On the Canada-U.S trade war:

“We are continuing to assess the impact of US tariffs and trade policy uncertainty, and how the Canadian economy is adjusting.”

“Canada’s outlook is further complicated by structural change—shifting trade relationships, the adoption of AI, and changes in demographics.”

John MacFarlane Price stability emphasized

The last word in the BoC’s statement is about inflation, with little change in language from the previous rate announcement:

“As the outlook evolves, we stand ready to respond as needed. The Bank is committed to ensuring that Canadians continue to have confidence in price stability through this period of global upheaval.”

John MacFarlane Iran war impact on economy ‘highly uncertain’
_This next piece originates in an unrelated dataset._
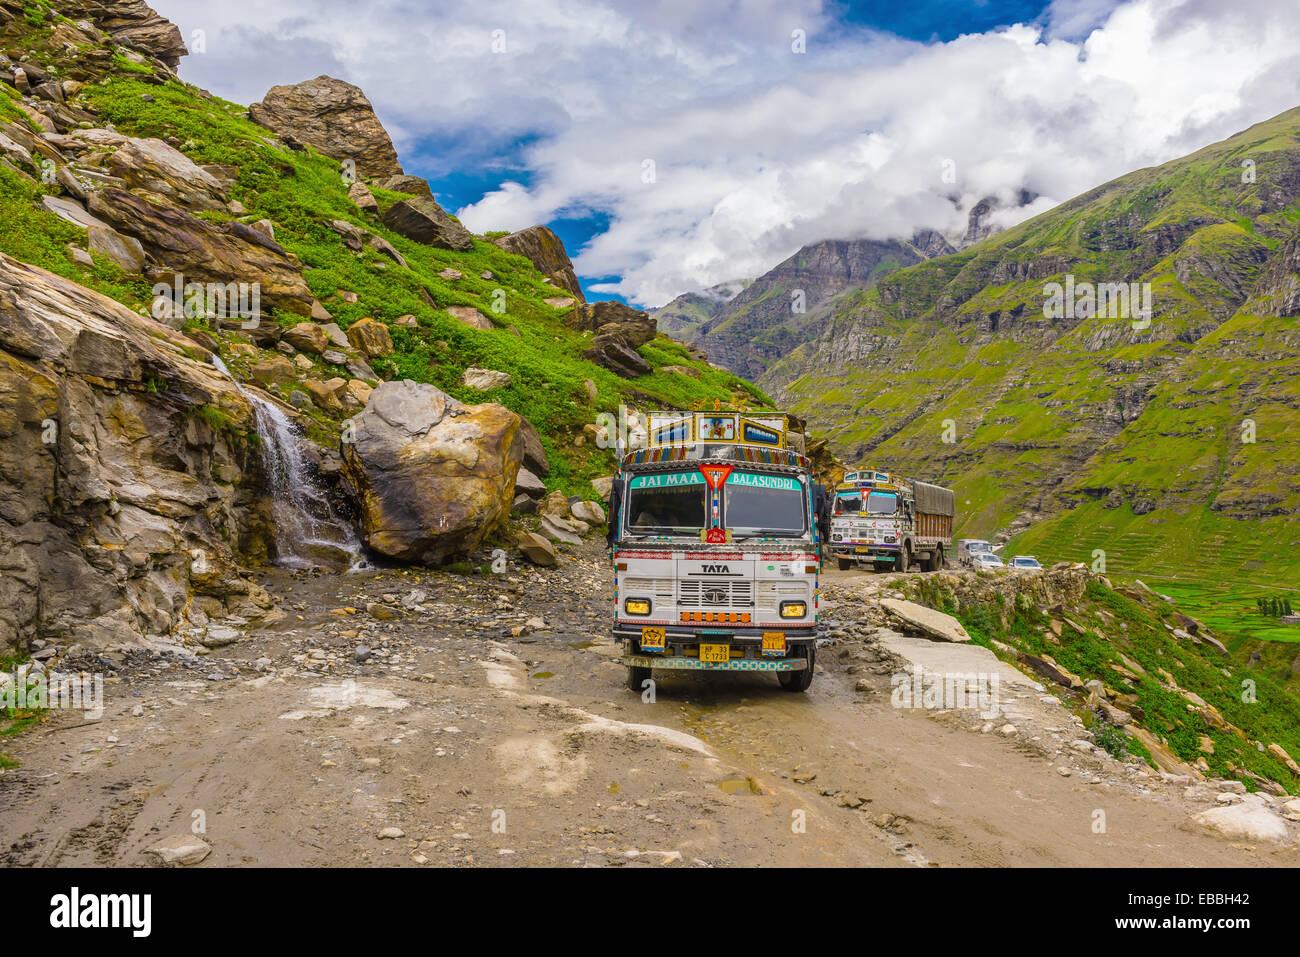 13 Asia cloud color image connect foot highway Himachal Pradesh Himalayas horizontal India lahaul Leh-Manali Manali - Stock Image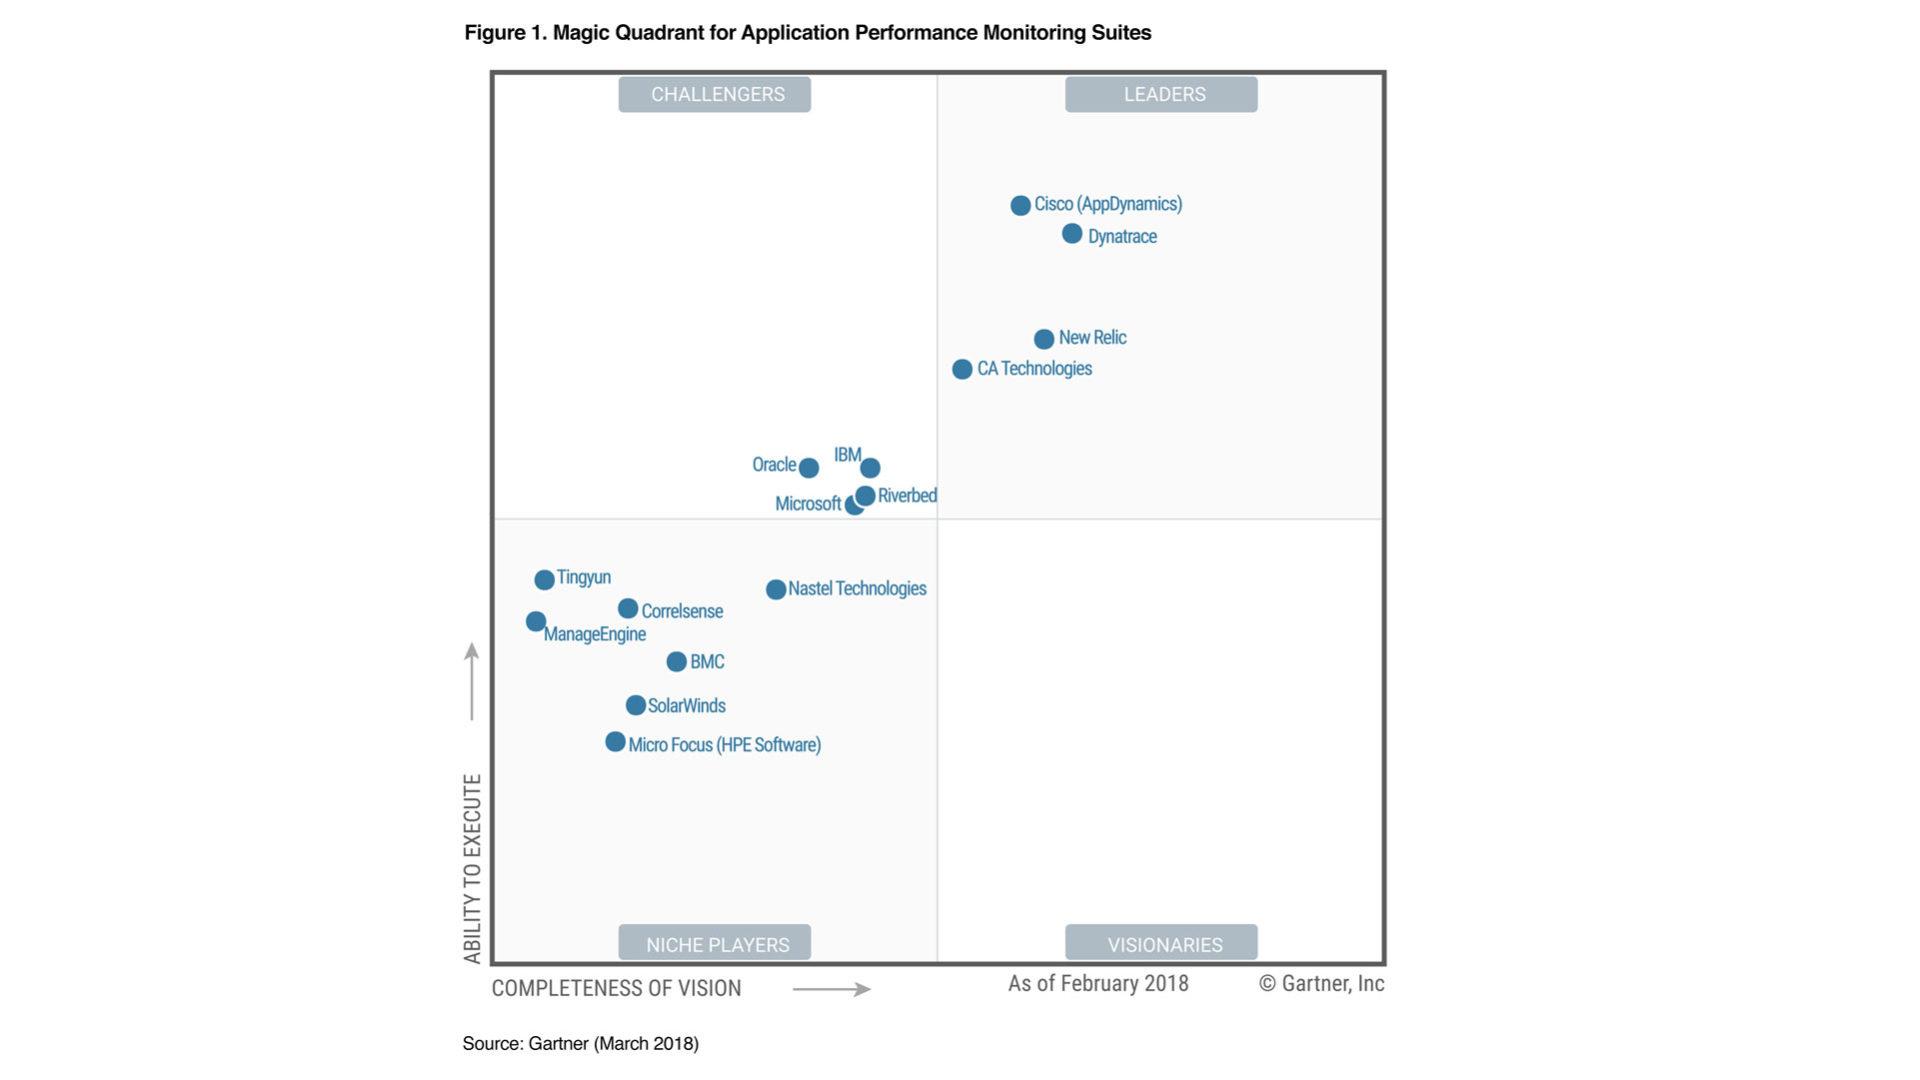 Grafico del Magic Quadrant for Applications Performance Monitoring

“The war in the Middle East has increased volatility in global energy prices and financial markets, and heightened the risks to the global economy,” the BoC announcement says. “The breadth and duration of the conflict, and hence its economic impacts, are highly uncertain.”

John MacFarlane Downside risks to economy, upside inflation risks due to oil: BoC

“With recent data pointing to weaker economic activity and uncertainty elevated, risks to growth look tilted to the downside,” the BoC’s rate announcement says. “At the same time, inflation risks have gone up due to higher energy prices. We will continue to assess the impact of US tariffs and trade policy uncertainty, and how the Canadian economy is adjusting.”

BANK OF CANADA MAINTAINS POLICY RATE AT 2.25 PER CENT IN THIRD CONSECUTIVE RATE HOLD

Correction: Due to a reporting error, a previous version of this story misstated the odds of a December hike from LSEG. It is at 73.2 per cent.